We use EA Agile for enterprise architecture, which means that we want to catalog and keep track of all of the architectural pieces of our enterprise, including processes, applications, servers, and locations. We catalog 24 primitive/primary objects with the tool. The purpose is to provide the employees with a website, a navigable information source, of anything that makes up the enterprise. They can look up all of the servers in here. They can look up the applications, processes, security elements, and so forth. It's publishing information and sharing all the details — the architectural blueprints of our enterprise — with the entire corporation.
We have deployed it on Google Cloud Platform and onto VM. It's our own installation but it is not on-premises; it is in the cloud.
Two years ago, the solution was instrumental in the following way. We're in California so we're affected by the fires and mudslides that happen here. Our main data center was almost completely cut off for a couple of days. After we restored everything and we went through the disaster recovery scenario, a lot of stakeholders were surprised to find out that the systems or application that they care about were not under disaster recovery protection and they were wondering why. We were able to use the tool to show them how they could see what was under disaster recovery and why their things were not under disaster recovery, which was basically due to cost. Everybody then got excited about having more disaster recovery because when disaster happens you're more worried about it for the future.
We used the tool to work with the stakeholders of various departments to flesh out plans for disaster recovery, showing them what could be affected when something is broken or isn't working. It was a good visual aid, since we have all the data in there, to explain to the end-users and the stakeholders what we had to do to go forward. It wasn't really about saving money. It was about improving our business, but it was instrumental in helping regular businesspeople understand the IT world.
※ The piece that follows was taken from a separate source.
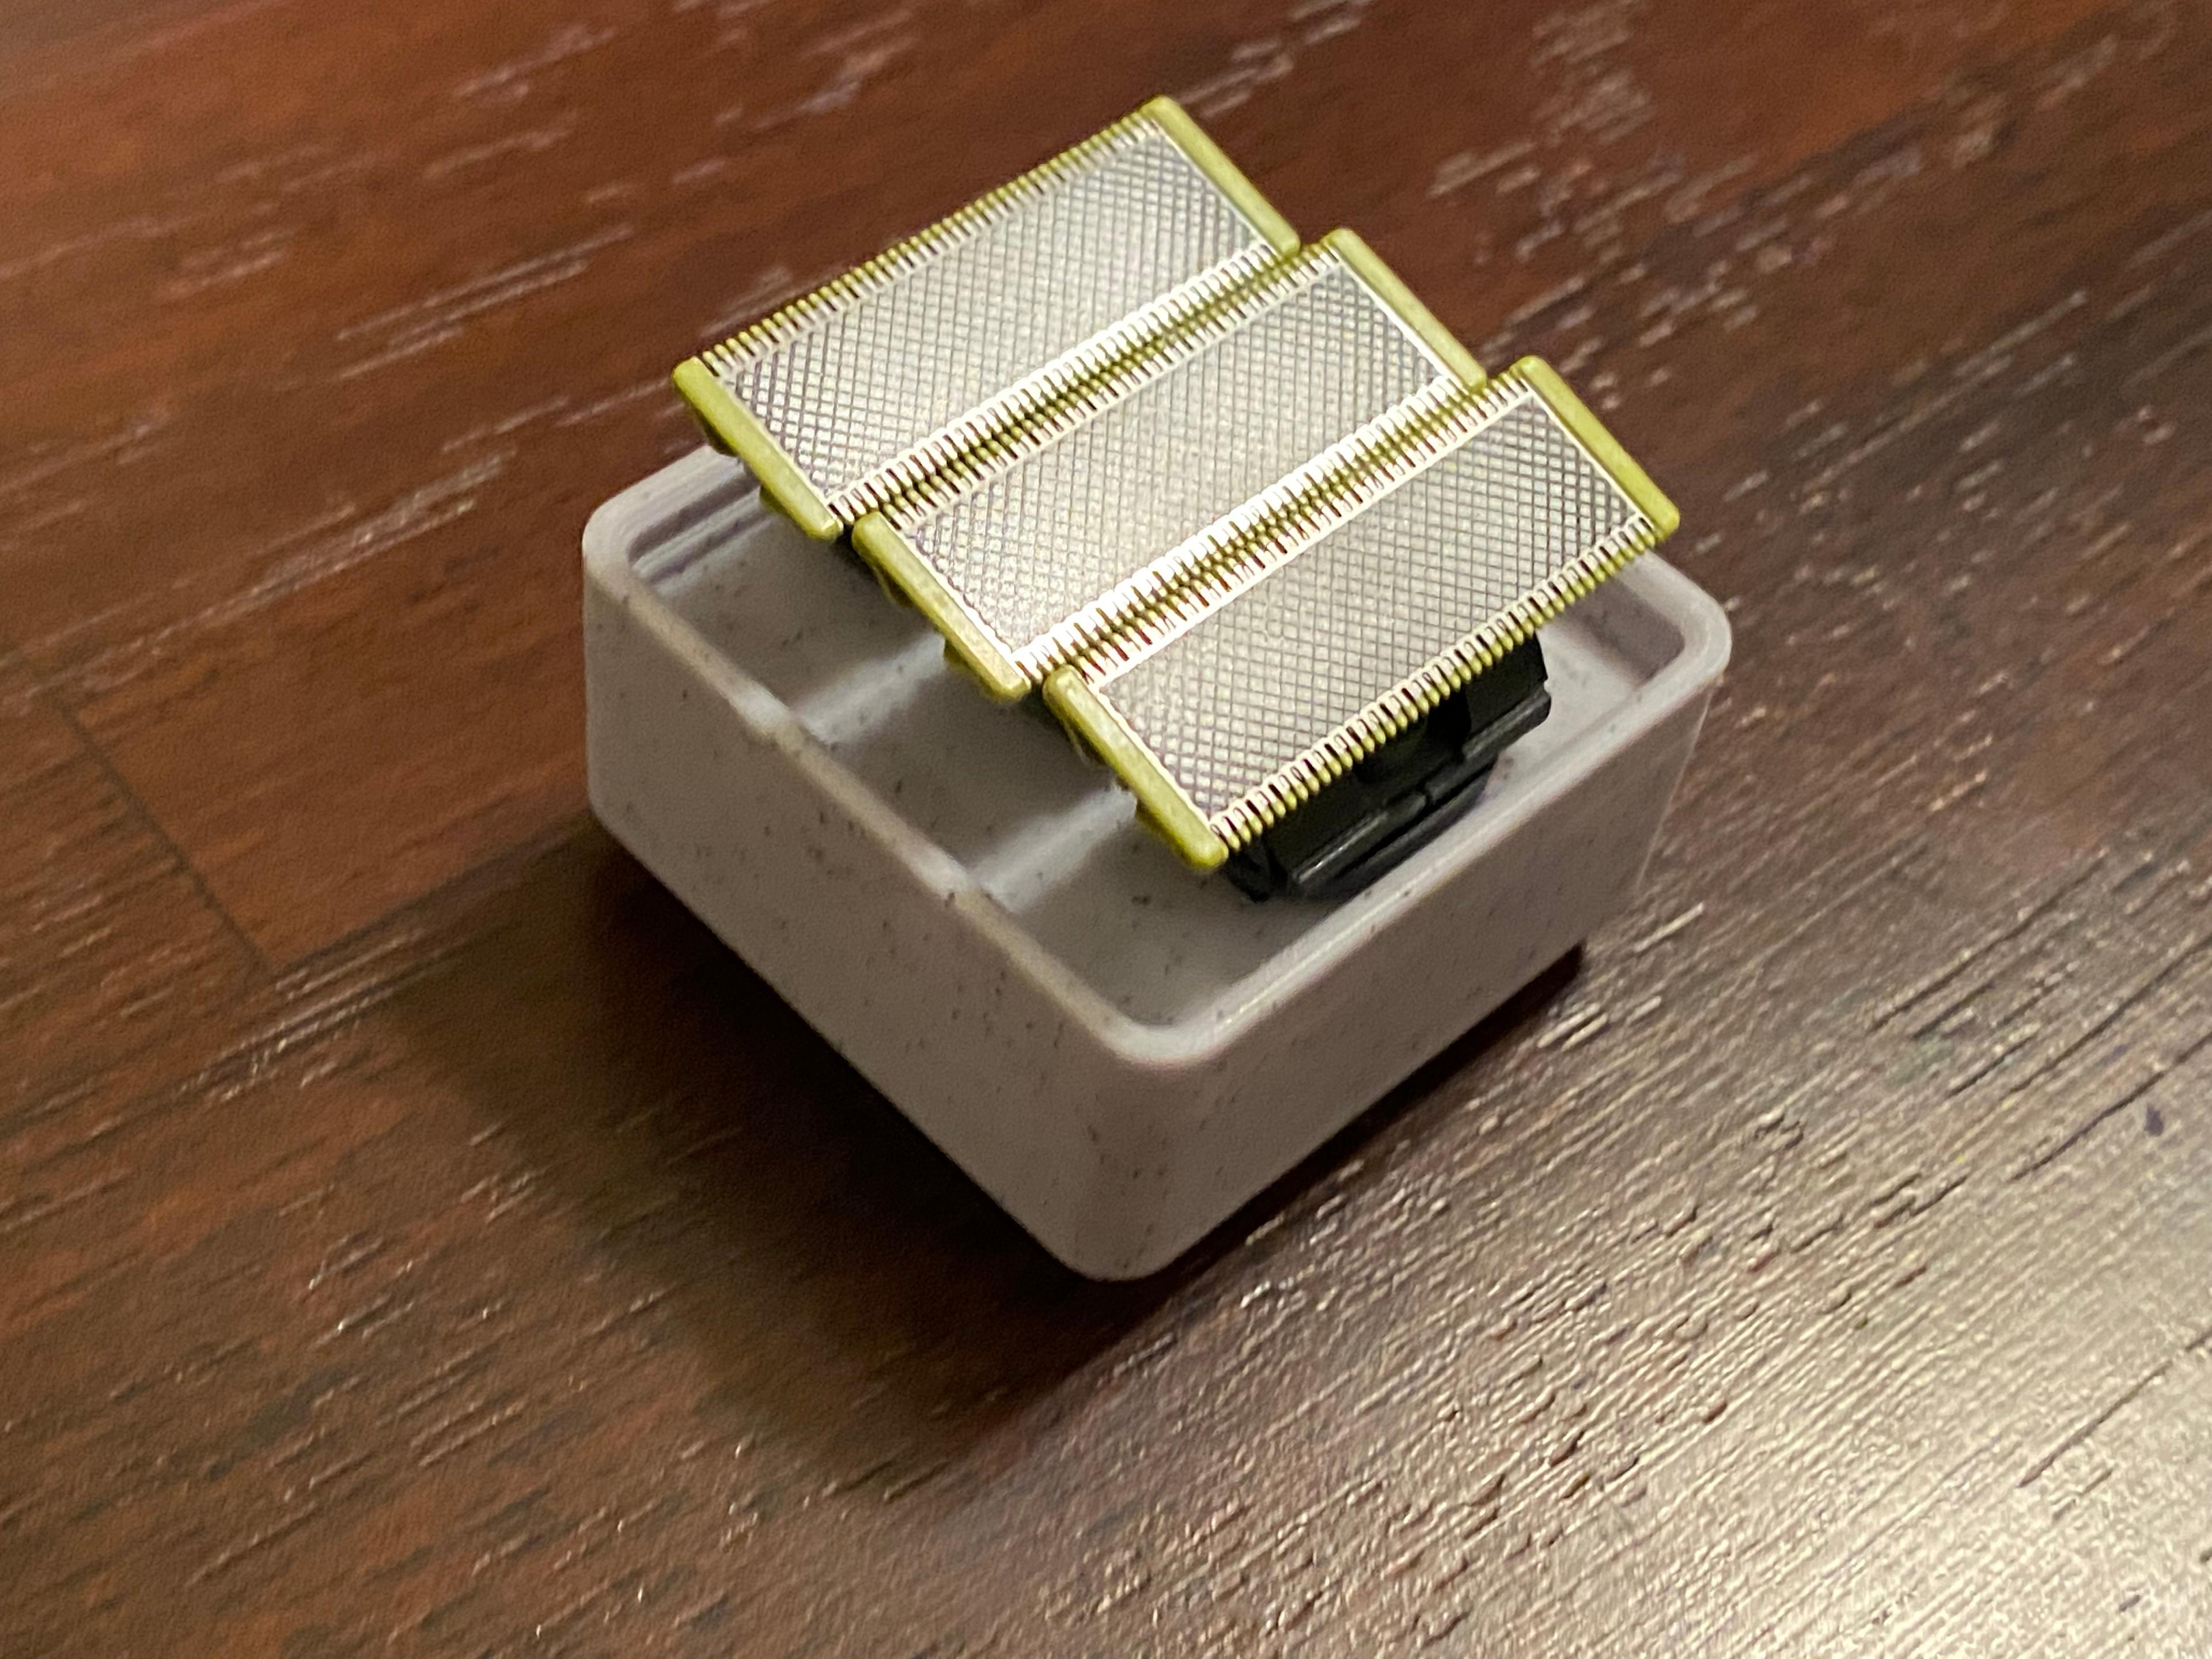 GridFinity hexagonal bit module (4mm & 1/4) - 3D model by kompetenzbolzen  on Thangs

Overall, the solution provides output for users across our whole company. It brings visibility to every single employee. We're a software company and we have a lot of applications. There are people at the helpdesk and people in different departments, HR and so forth, who are responsible for a particular application. If one of those applications isn't working and someone calls the helpdesk, the helpdesk needs to know who they're supposed to route the ticket to. In the old days, we would keep all that information in a spreadsheet and we would circulate the spreadsheet, and we would update it once a year and it was always out of date.
With erwin, we keep track of that stuff in the database and they can very easily look it up. They can also see what they are responsible for themselves. An employee could then negotiate with their boss about being responsible for a server, for example, because it's more interesting to that employee. erwin keeps track of roles and responsibilities much better than anything else we've had before. That is one example of why it's valuable to everybody in the company.
The solution is critical to driving business change and transformation in our company in that it helps us make the argument for driving change. The application itself isn't going to drive any change; it's inert. Recently, one of the directives that our CIO has been interested in is moving applications that we have to the Google Cloud. One way I can help convince people to take their application and move it to the cloud is to show them how many other applications are moved to the cloud, and which ones have not been moved. This tool helps me visualize that for people, and I can very quickly pull up the diagram of all the applications that are in our data center in California. That can drive the conversation. erwin supports change and innovation but you have to use it properly.